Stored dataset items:
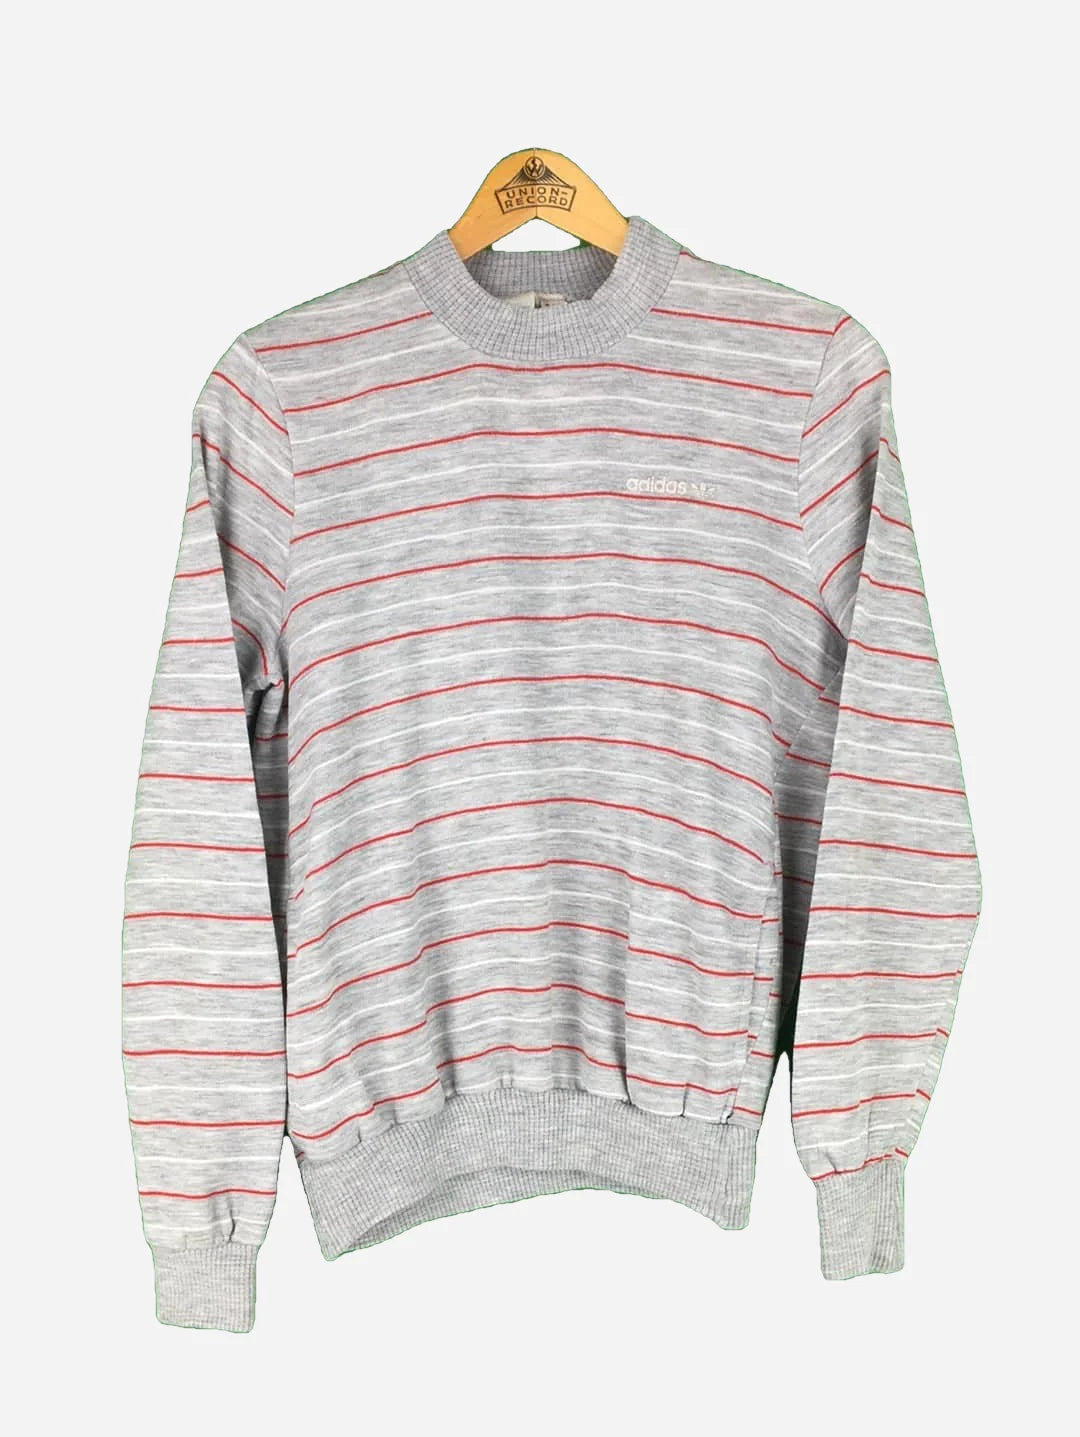 Adidas 80s Sweater (S)
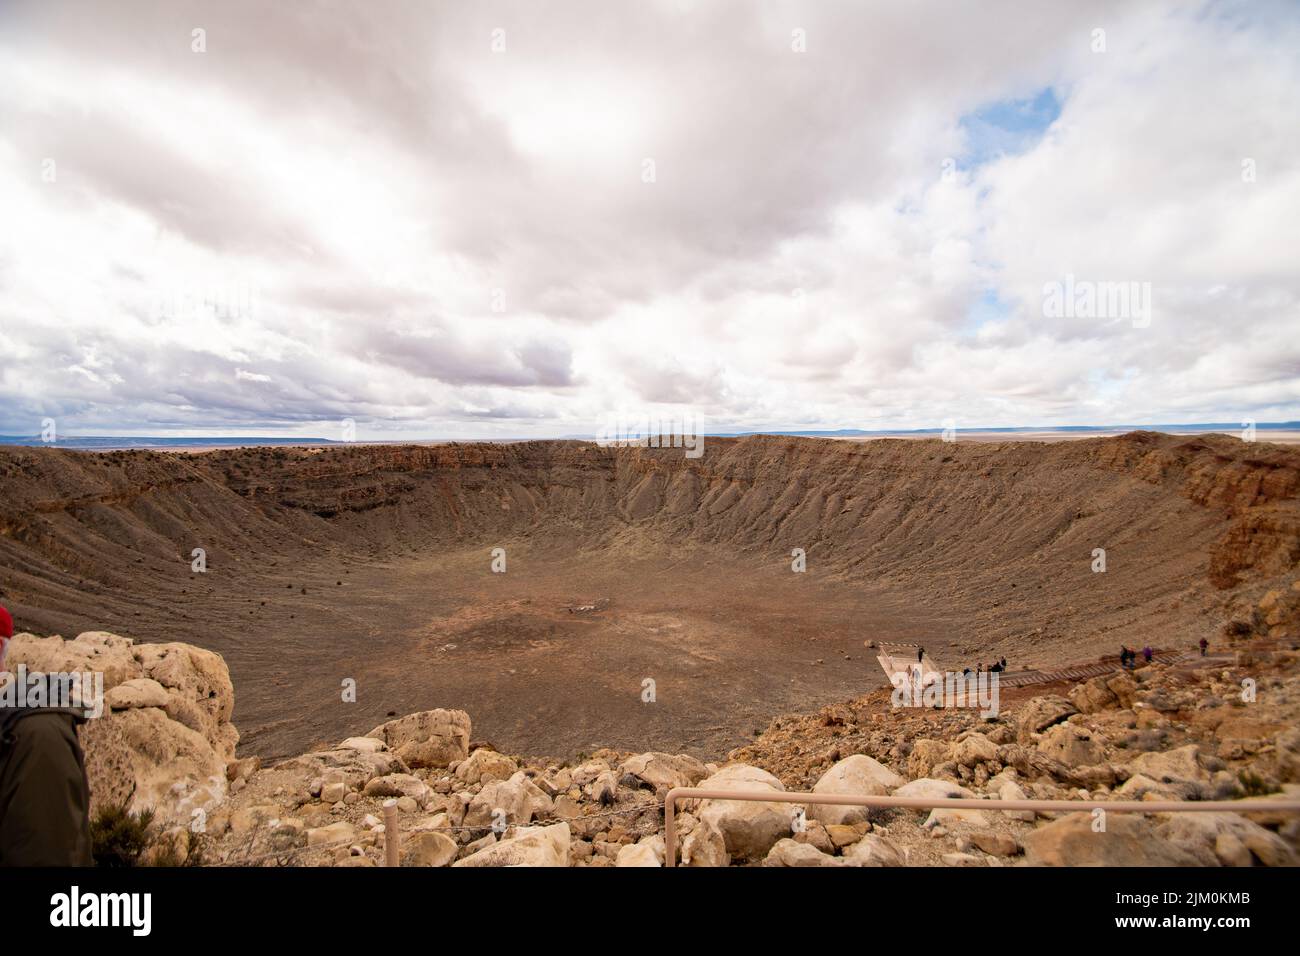 The view of Meteor Crater Natural Landmark. Arizona, United States. Stock Photo
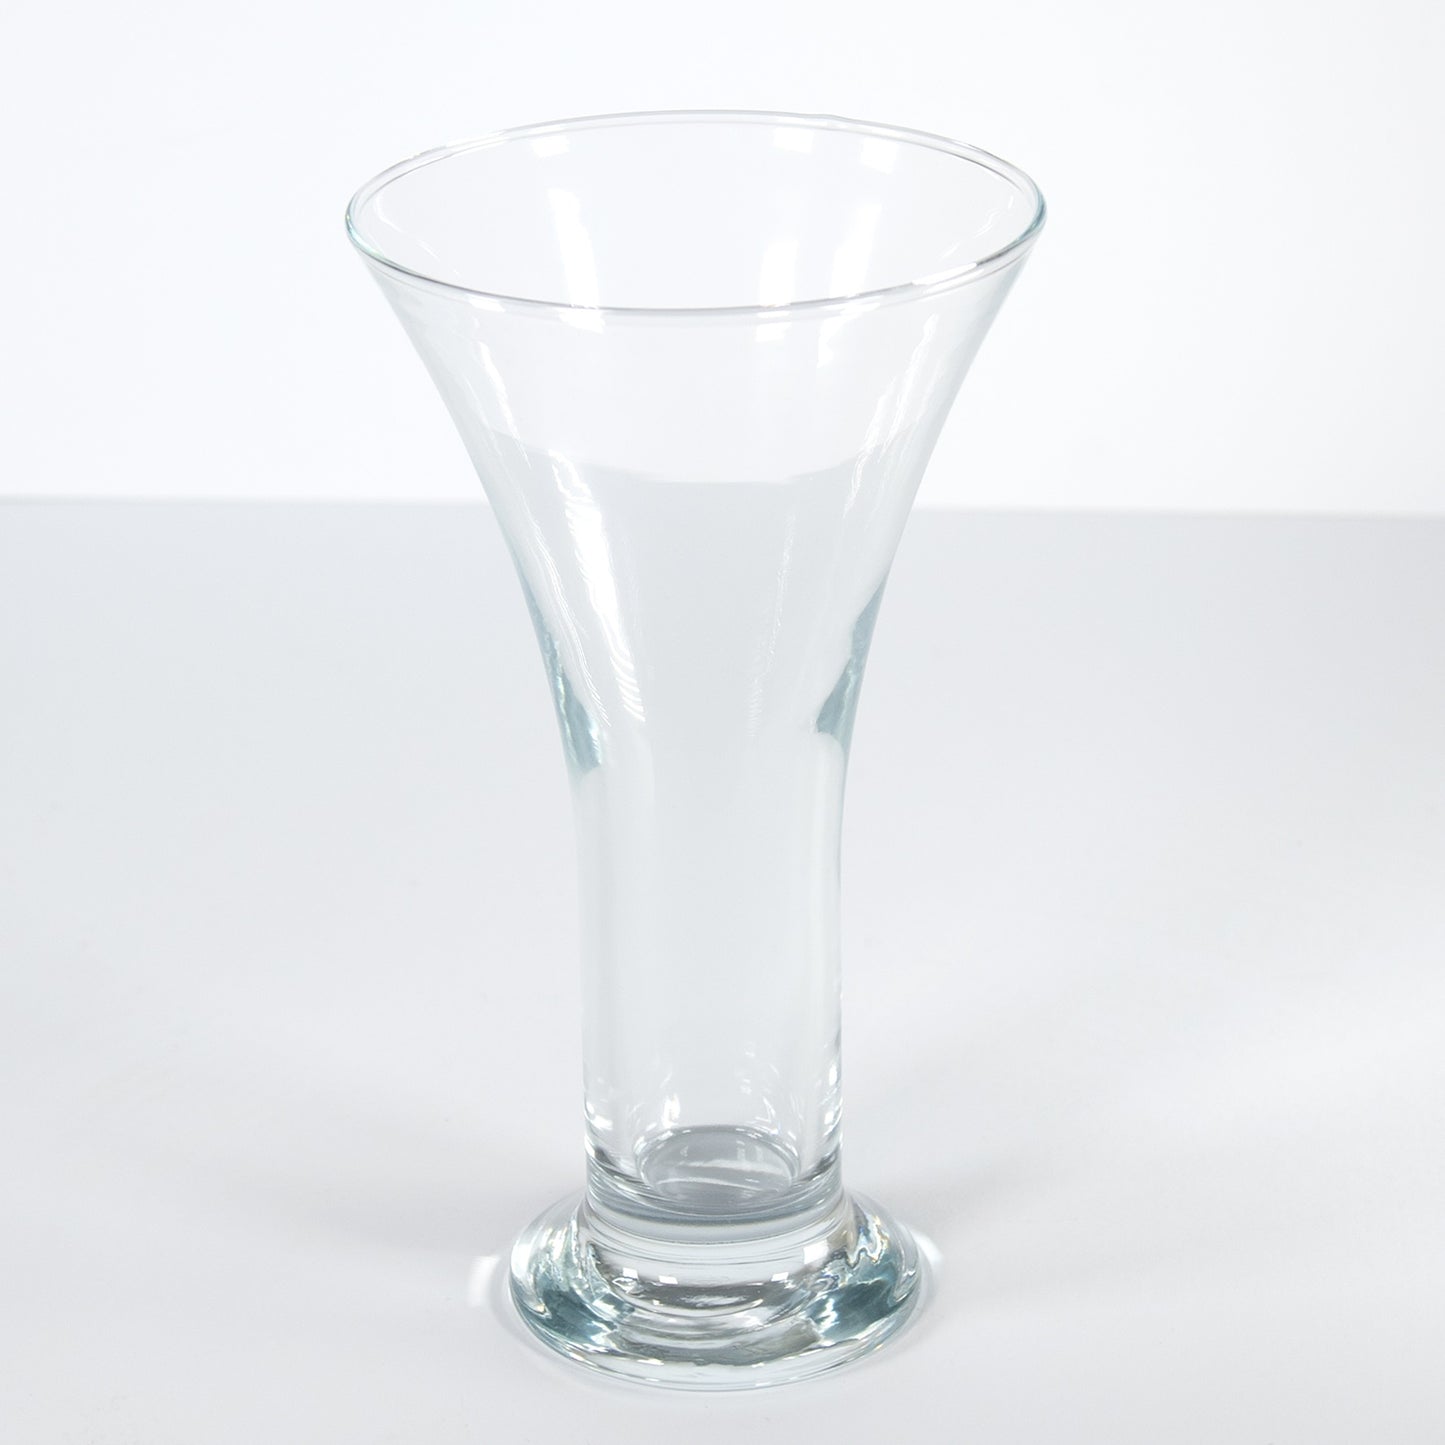 27cm Tall Tumpet Shape Glass Vase
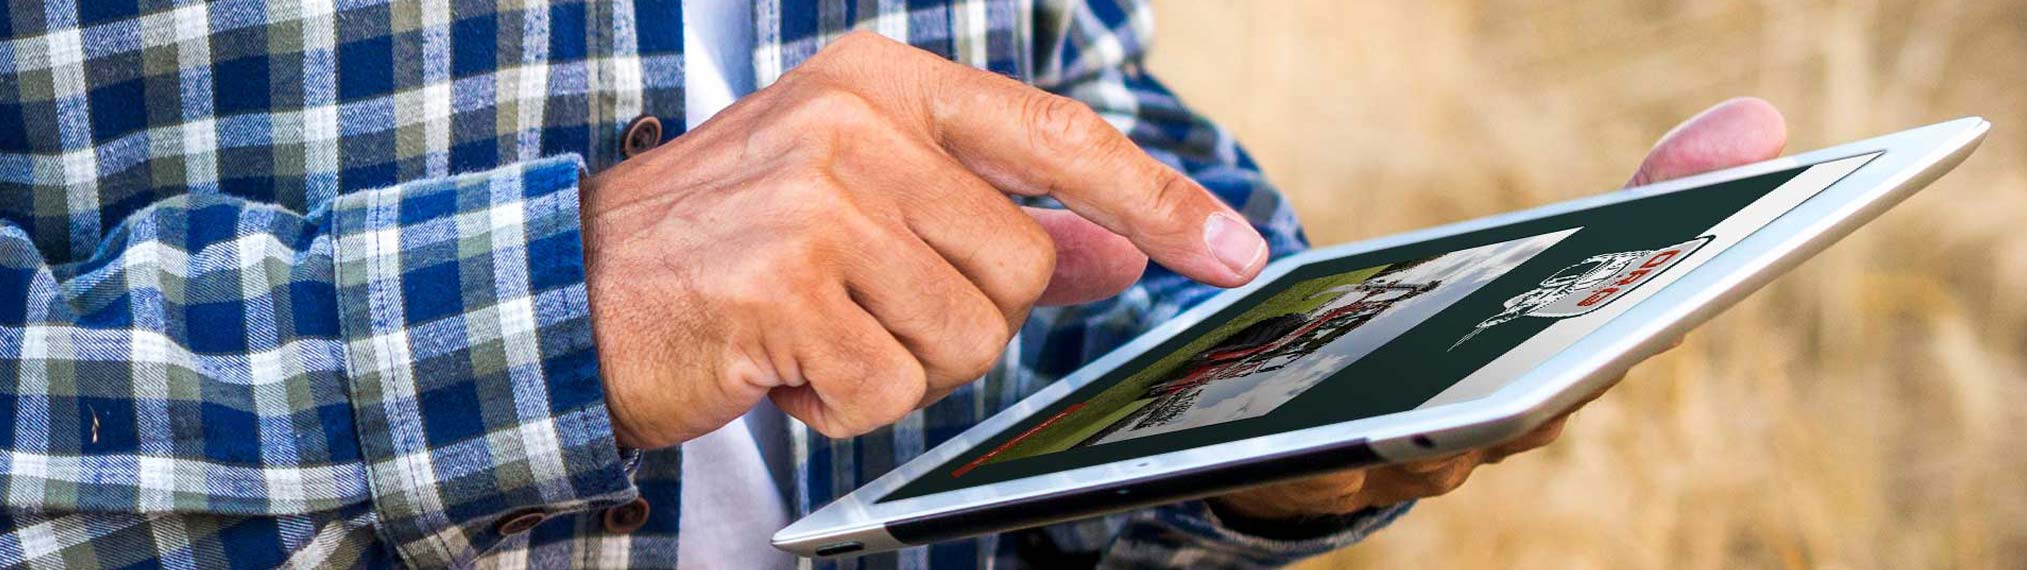 Landwirt Nahaufnahme Hand tippt auf iPad
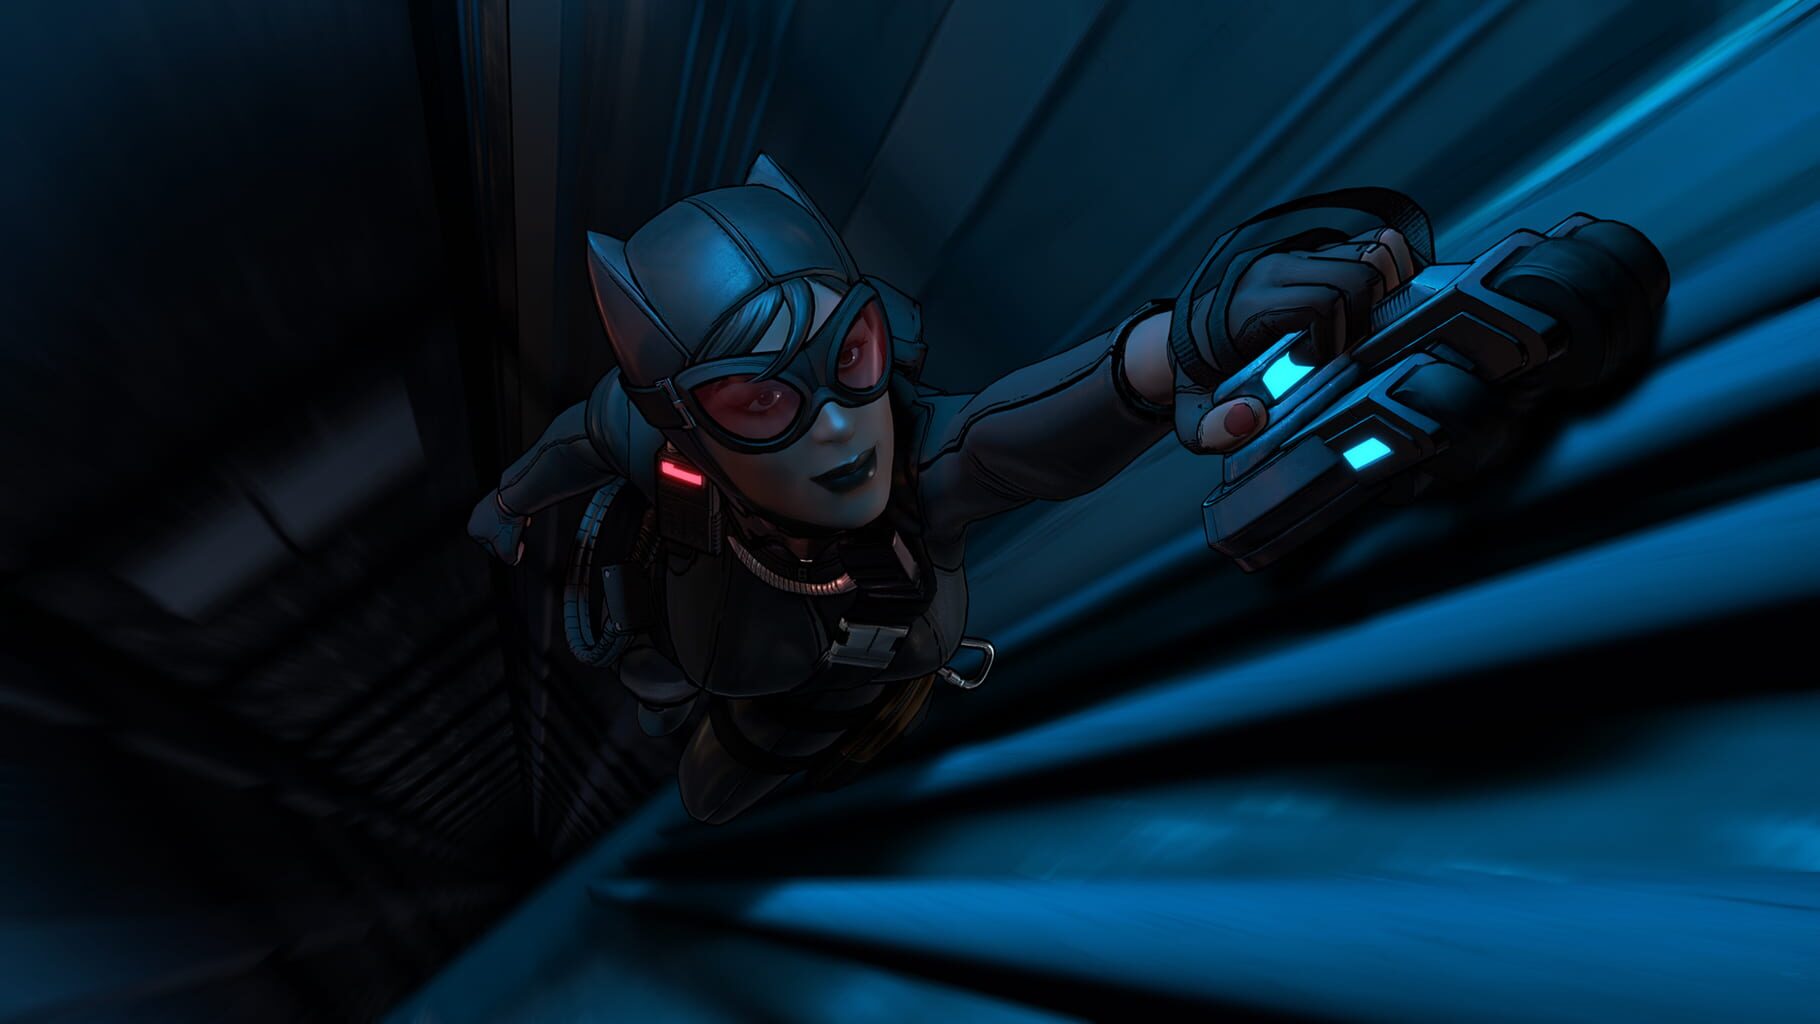 Batman - The Telltale Series screenshots

▶ Required work:
Return every entry above exactly as written, minus the pictures.

▶ Answer to the exercise:
 Adidas 80s Sweater (S)
 The view of Meteor Crater Natural Landmark. Arizona, United States. Stock Photo
 27cm Tall Tumpet Shape Glass Vase
 Landwirt Nahaufnahme Hand tippt auf iPad
 Batman - The Telltale Series screenshots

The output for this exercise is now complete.